Strikes me that most existing distribution systems are pretty simple and reliable these days. I really do not see any good reason to complicate these systems with smart meters, which, as Gay pointed out will invariably require "care-and-feeding"

Seems to me, the government is once again the enemy of "good enough" with increased costs being created for the peculiar notion that utilities must have instant knowledge of the customer's power consumption. Of course some (including me) believe the smart meters are nothing more than a Trojan horse to allow utilities to make more money by gouging the customer with "time-of-day" rates, as aided and abetted by bureaucrats attempting to force the customer to comply with their social engineering efforts to curb CO2 emissions.

Michael,

Agreed the past system of metering using the reliable electromechanical meters and flat billing rates were “good enough” as long as there was sufficient peak demand generation capacities out there, and as long as there was money around to keep building generation to keep pace with demand growth. But we don't have these “luxuries” anymore, and recognizing this, our policymakers asked our utility industry how best to cope with this situation. Their answer was to charge higher rates during peak demand hours and thereby encourage customers to curtail demand during those times, in essence Time-Of-Use (TOU) billing.

To implement TOU billing however the utilities needed interval metering that smart meters are primarily designed for. Interval metering basically logs your energy consumption in as fine as 15-minute intervals, although most utilities implementing it are content to use 60-minute (hourly) interval consumption data. This among other things allows them to set TOU rates that can change from one level to the next at the top of a clock hour.

As for instantaneous power demand in Watts, smart meters can report this at anytime on (software commanded) request. But utilities generally aren't interested in a residential customer's power demand, they are only interested in their large usage customers like heavy industrial or commercial businesses. So they are not likely to eavesdrop on your home's instantaneous power demand.

(It's the residential consumer that is typically more interested in having a power meter to show in real time what their instantaneous power demand is, and what their cumulative energy usage and cumulative energy bill is at any given time.)

I will grant you also that the use of Time-Of-Use billing makes it much more difficult for consumers to resolve their energy bills, and thus opens the door for governments and the utilities to raise TOU rates such that your overall energy bills are higher than they were before on flat billing rates. Then if any customer complains about higher bills, they can simply be told to load shift their energy consumption to use more at off-peak hours in order to lower their bills. This may not be so easy though for many customers, so yes it in effect can hit some customers in the pocketbook much harder than others.

Save your pennies Michael, you're going to need them.

A strange twist on this article's subject is that smart metering and their AMI systems are not only meant to implement TOU billing, but also enable utility companies to increase the reliability of the grid itself. This is firstly because working smart meters are automatically a tool for outage management since they are real-time indicators of which customers have a power outage.
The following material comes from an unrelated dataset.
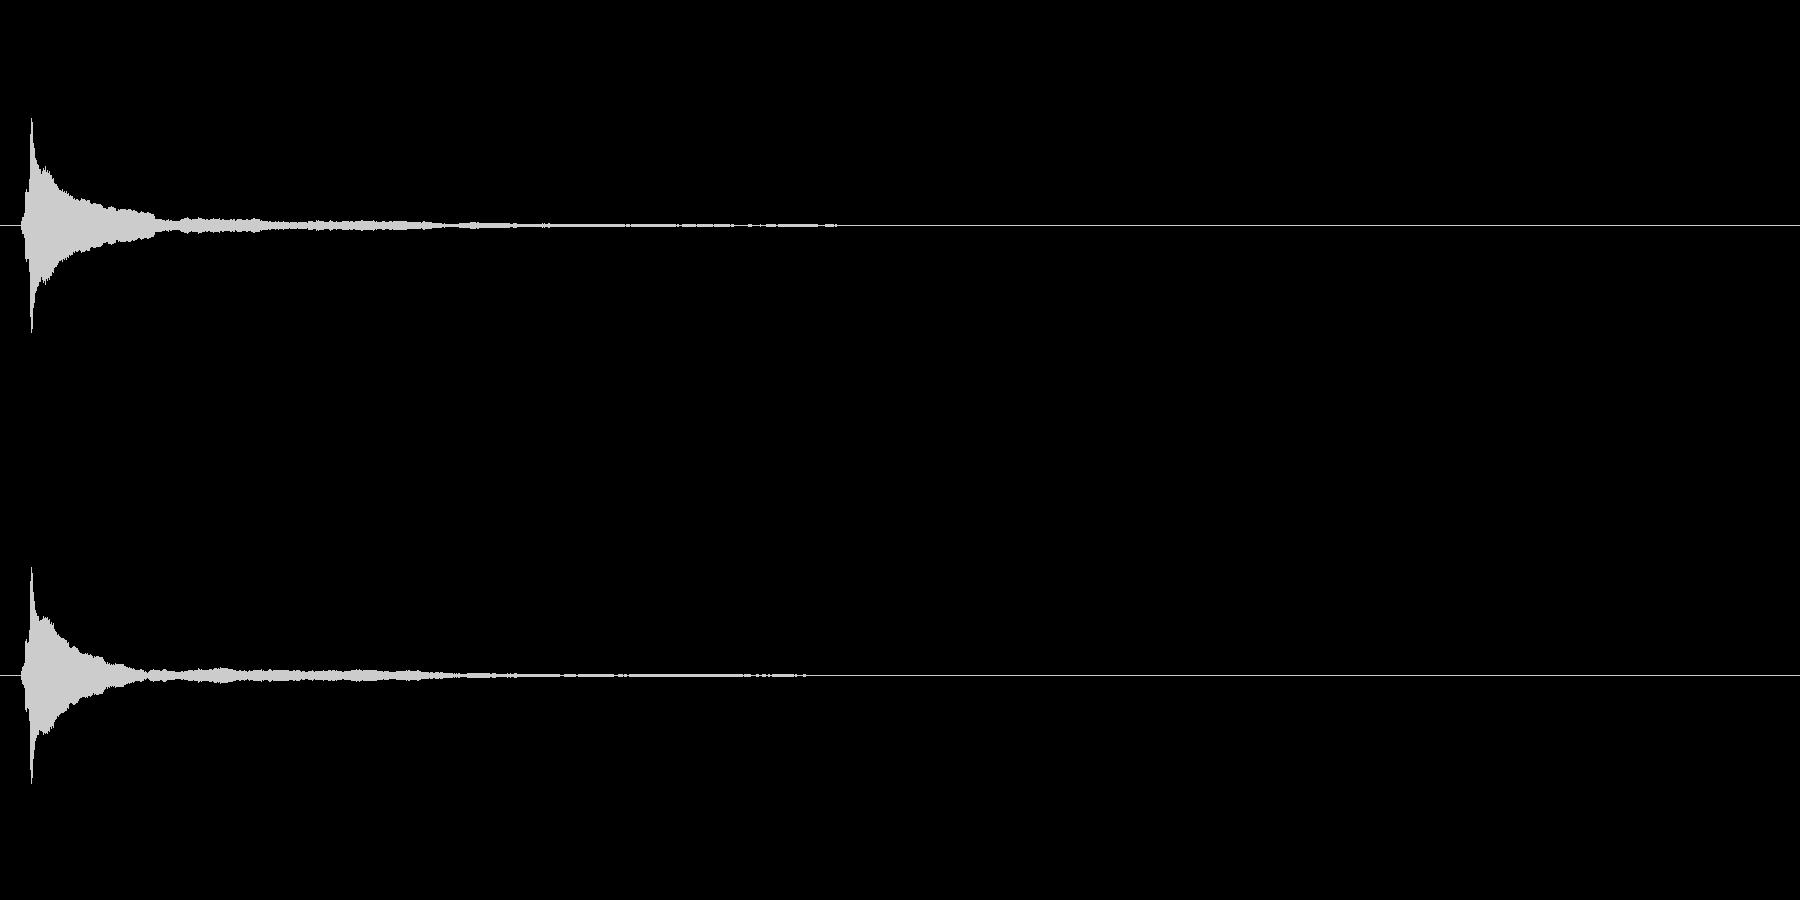 キラキラ系_008の未再生の波形

Secondly, the communication networks in the AMI system can potentially provide real-time status monitoring data of many other grid assets, including the real-time data for the grid to control / handle many more intermittent generation sources like wind and solar down the road.

One would think if utility companies are expecting to use smart meters and AMI systems for enhancing grid reliability, they would be willing to pay much more money for them to ensure smart meters and their AMI networks are ultra-reliable. Since this is apparently not the case today, I suspect we will only see TOU billing and perhaps some outage management implemented, and not many other uses for them until our utilities are prepared to spend a lot more money on their equipment.